Multiple star system in the constellation Pisces

DV Piscium is a triple star system in the equatorial constellation of Pisces, abbreviated DV Psc. It is an eclipsing binary variable of the RS Canum Venaticorum class. The pair have a combinedof about apparent visual magnitude 11, which is too faint to be visible with the naked eye. Based on parallax measurements, DV Piscium is located at a distance of 137.5 light years from the Sun. It is drifting closer with a radial velocity of −28 km/s.

In 1994, this target was found to show emission line features in the calcium H and K lines. It was classified as a K-type star with high proper motion in 1986. Data from the ROSAT satellite showed significant X-ray emission. In 1999, it was shown to be a near-contact eclipsing binary star system by R. M. Robb and associates, with an orbital period of 0.30855 days.
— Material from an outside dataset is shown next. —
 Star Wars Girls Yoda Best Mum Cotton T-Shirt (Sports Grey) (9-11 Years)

The shape of the light curve suggested the presence of one or more star spots on the cooler component. A flare event was observed on November 22, 2008, indicative of a high level of magnetic activity.
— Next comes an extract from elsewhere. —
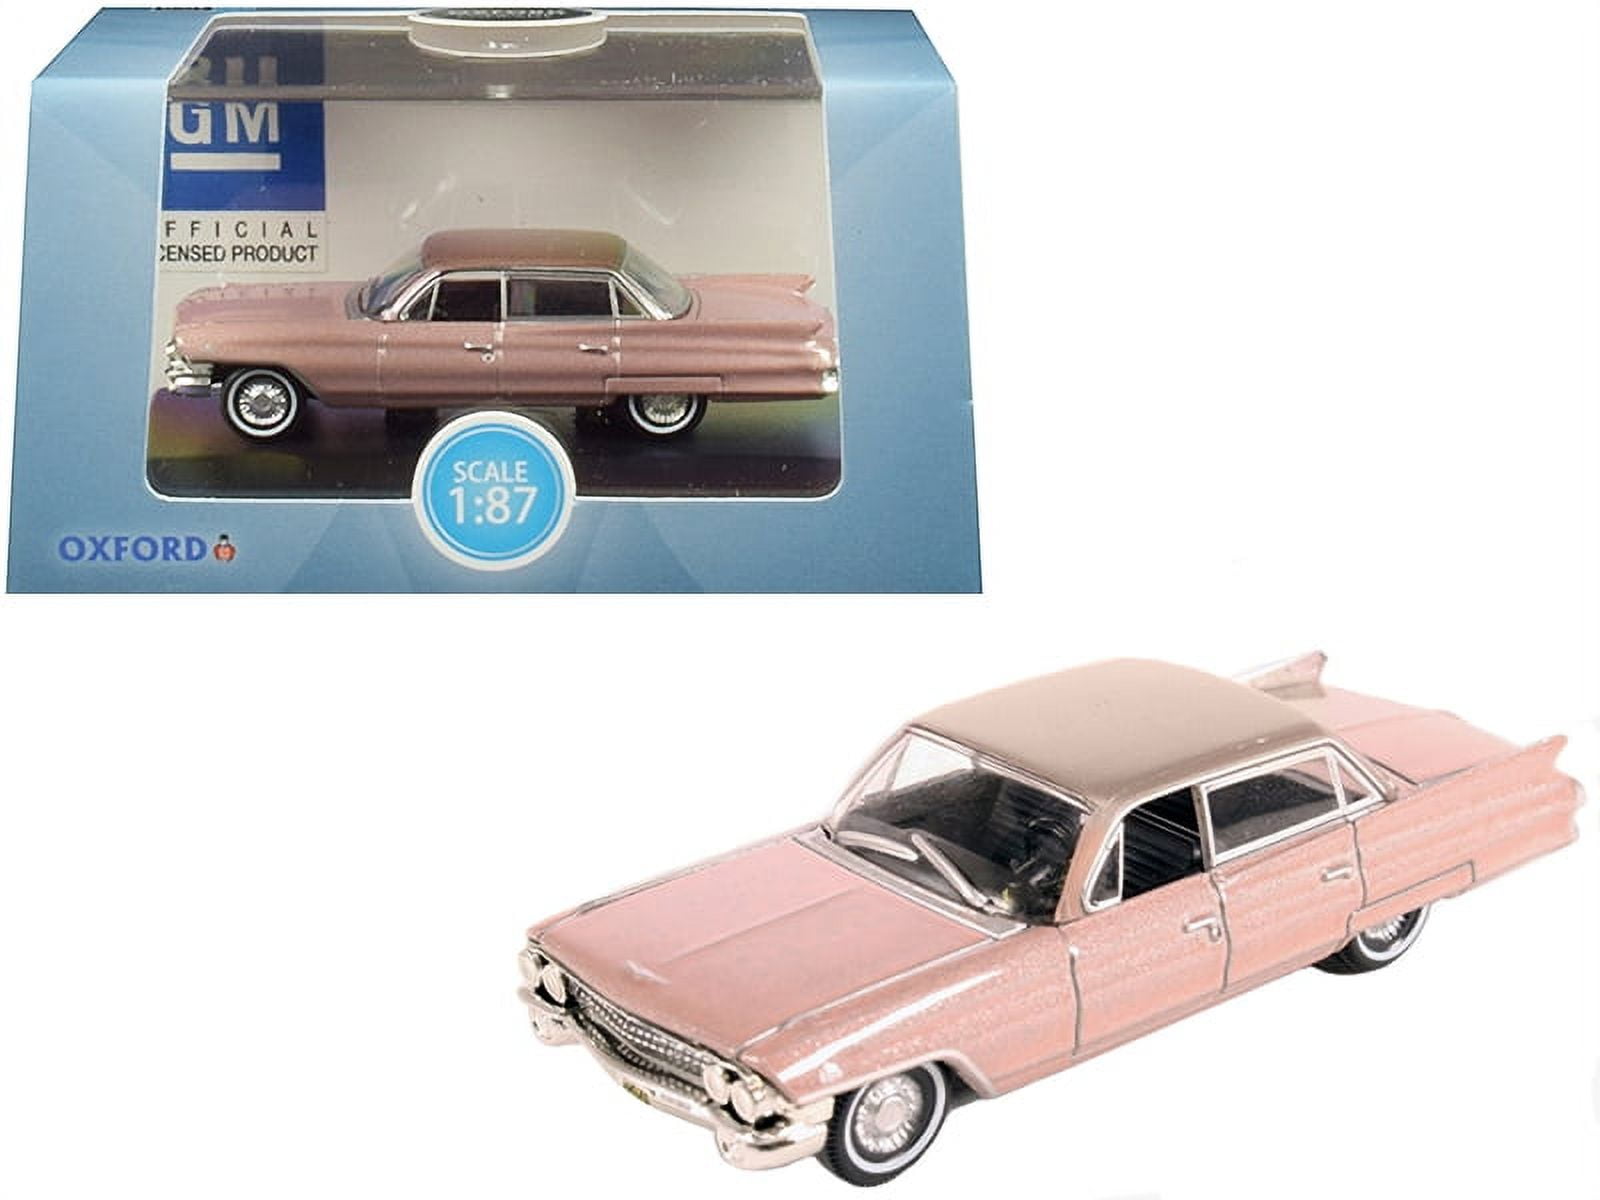 87csd61001 1961 Cadillac Sedan Deville Metallic Pink 1-87 Ho Scale Diecast Model Car

Combining photometric results across several years demonstrated that the light curve is highly variable, with star spot activity on both components. This varied over time in quantity, size, and location. This is a detached binary system with the components in near contact at a separation of just two solar radii. As of 2007, the period of the system is decreasing over time at a rate of about −8.6e−7 d·yr^{–1}. The primary component has 68% of the mass of the Sun and 73% of the Sun's radius; the cooler secondary has 47% of the mass and 52% of the radius of the Sun. Both components are slightly evolved main sequence stars. The system has an activity cycle estimated at 14.74±0.84 years.

Evidence from O–C diagrams suggests there is a third component to this system, orbiting the inner pair with a period of 9.79±0.60 years on an eccentric orbit. This body has less than 62% of the mass of the Sun.